Ownership: Ownership of any Articles or any materials used to produce or provide the Articles which are invoiced directly to Purchaser, such as printing plates and dies, ingredients specifically sourced on behalf of Doctor Kiltz Nutritional Solutions, immediately become the property of Purchaser upon invoicing of such by Seller.

 

Recalls: If Seller is aware that their product is misbranded contaminated and/or adulterated, Seller shall immediately notify Purchaser if Purchaser or any other party issues a recall for Seller’s Articles or any other Articles containing Seller’s Articles. Seller shall fully cooperate with Purchaser regarding any recall related activities. Seller shall reimburse Purchaser and/or Purchaser’s customers for all of Purchaser’s and/or Purchaser’s customer’s expenses associated with the recall, including cost of raw materials, cost of finished product freight in and out, administrative expenses, legal expenses, and lost profits during the recall, testing expenses, notification expenses, etc. Seller understands the recall can result in loss of brand reputation to Purchaser and/or Purchaser’s customers.

 

Certificate(s) of Analysis: A Certificate of Analysis must be provided at the time of the shipment for all Articles intended to be used as ingredients by Purchaser. Certificates of Analysis must comply with all applicable regulations, including the FDA dietary supplement cGMP’s. Seller may be required to provide actual test result data from the Certificate of Analysis. Purchaser may test materials to ensure compliance with the Certificate of Analysis.

 

Container Identification: The shipping container shall contain the following information in a clear and readable manner on its exterior: product name, lot number, gross weight net weight and country of origin.

 

Venue/Choice of Law: Seller and Doctor Kiltz Nutritional Solutions agree that any and all proceedings relating to the Purchase Order or arising out of or related to this Agreement shall be initiated and prosecuted in the state or federal courts in Onondoga County in the State of New York, which shall have exclusive jurisdiction for such purposes, and Seller hereby irrevocably consents to such jurisdiction. Any such litigation or proceedings shall be governed by and construed in accordance with the laws of the State of Florida, without giving effect to principles of conflicts of law.

 

Entire Agreement; Severability: This Agreement with any order acknowledgement constitutes the entire Agreement between Seller and Doctor Kiltz Nutritional Solutions with respect to the subject matter hereof, and supersedes any prior oral or written agreements. All additions or modifications to this Agreement must be made in writing and must be signed by Seller and Doctor Kiltz Nutritional Solutions. Any failure by Doctor Kiltz Nutritional Solutions to enforce any of the terms and conditions of this Agreement shall not constitute a waiver of any other term or condition.
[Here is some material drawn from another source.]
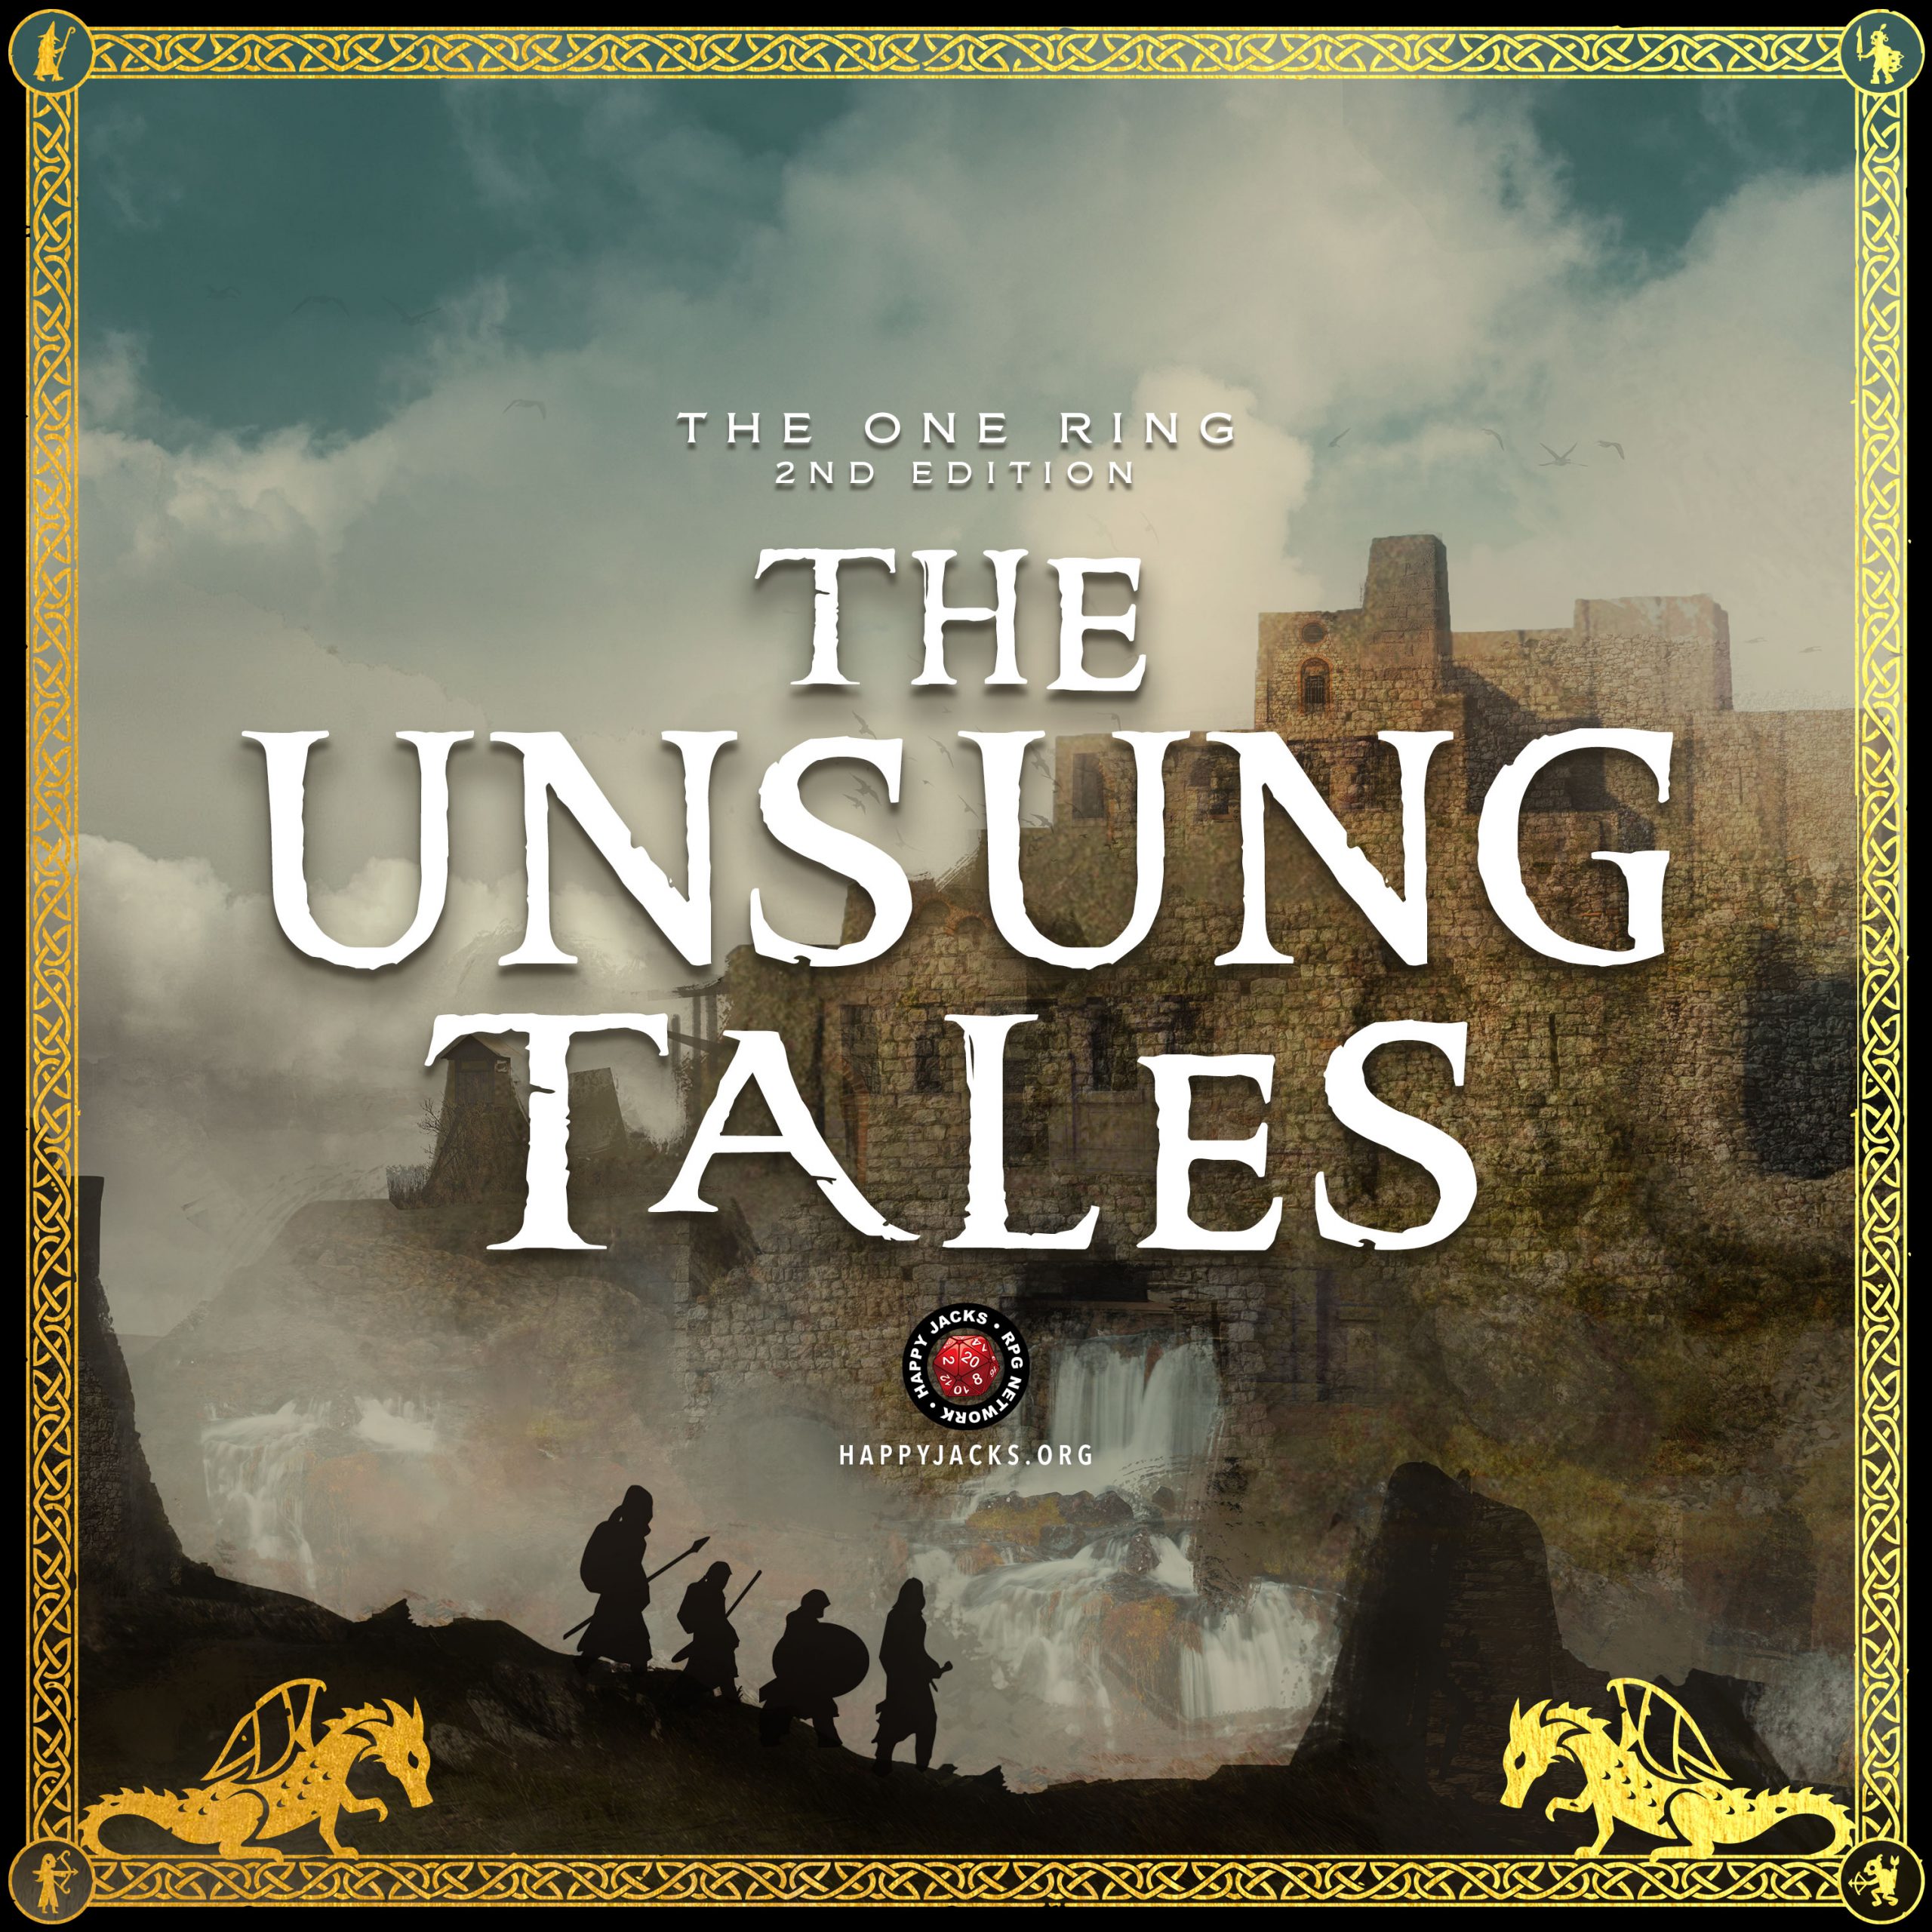 UNSUNG16 Lord Paddlefoot | The Unsung Tales | The One Ring 2e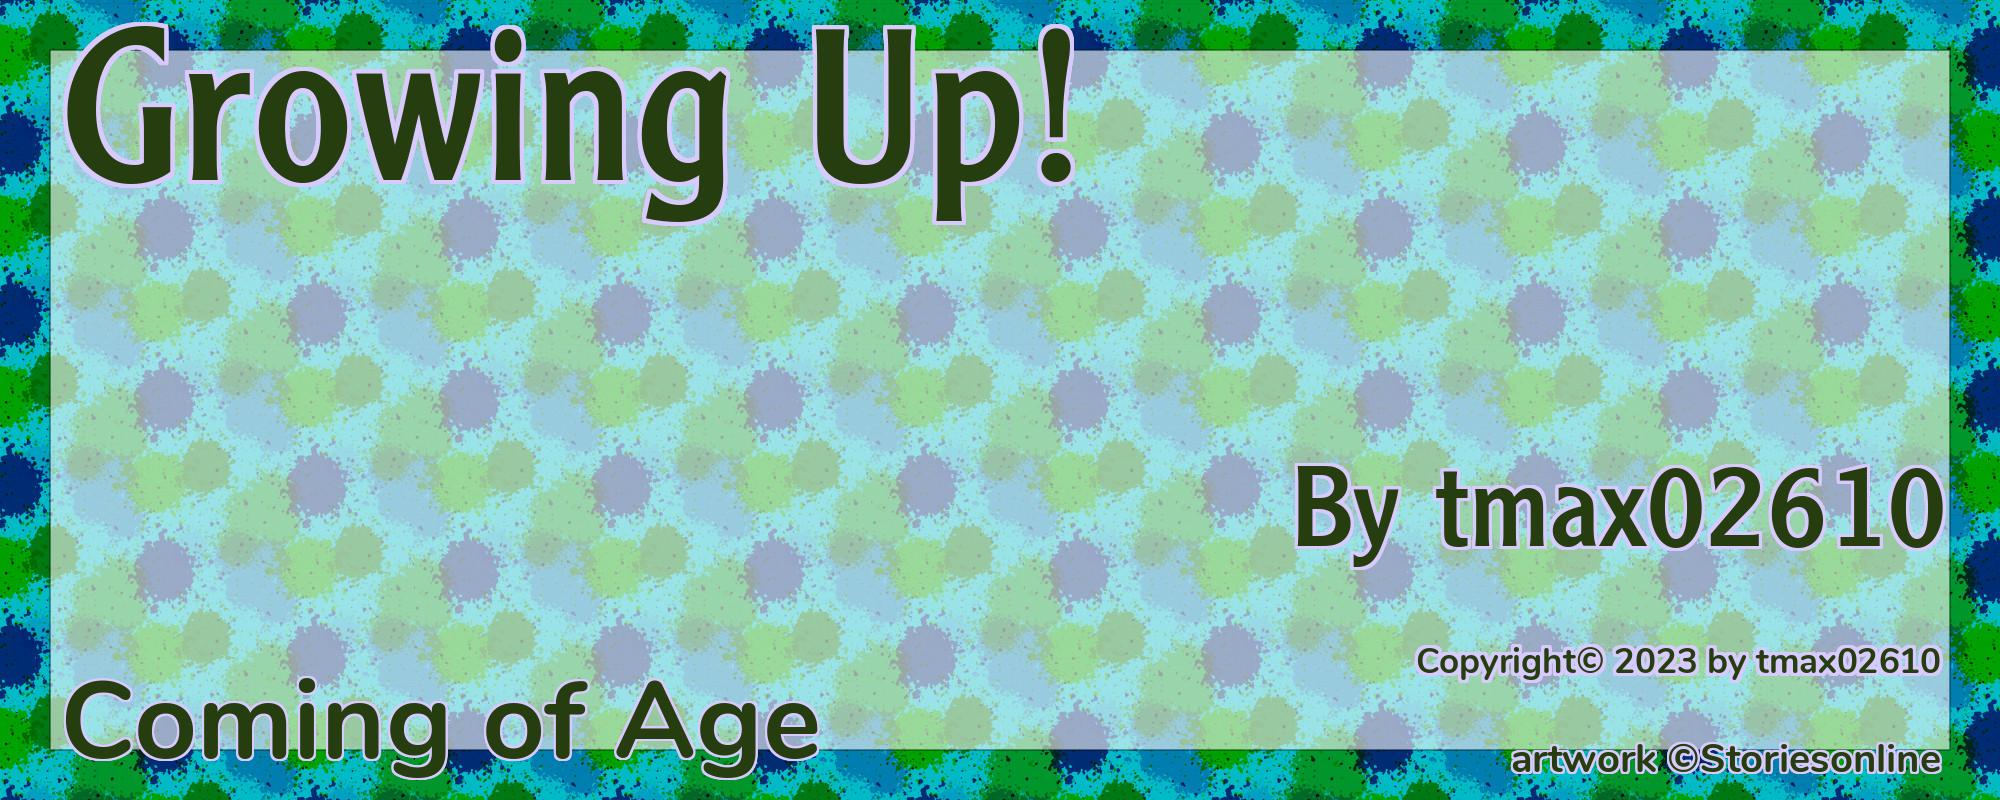 Growing Up! - Cover

If any provision contained in this Agreement is determined to be invalid, illegal or unenforceable in any respect under any applicable law, then such provision will be severed and replaced with a new provision that most closely reflects the original intention of the parties, and the remaining provisions of this Agreement will remain in full force and effect.

 

Attorney’s Fees: In the event that either party seeks to enforce this Agreement by suit or other action, then the prevailing party in such suit or action shall be entitled to recover its reasonable attorney’s fees and costs from the non-prevailing party.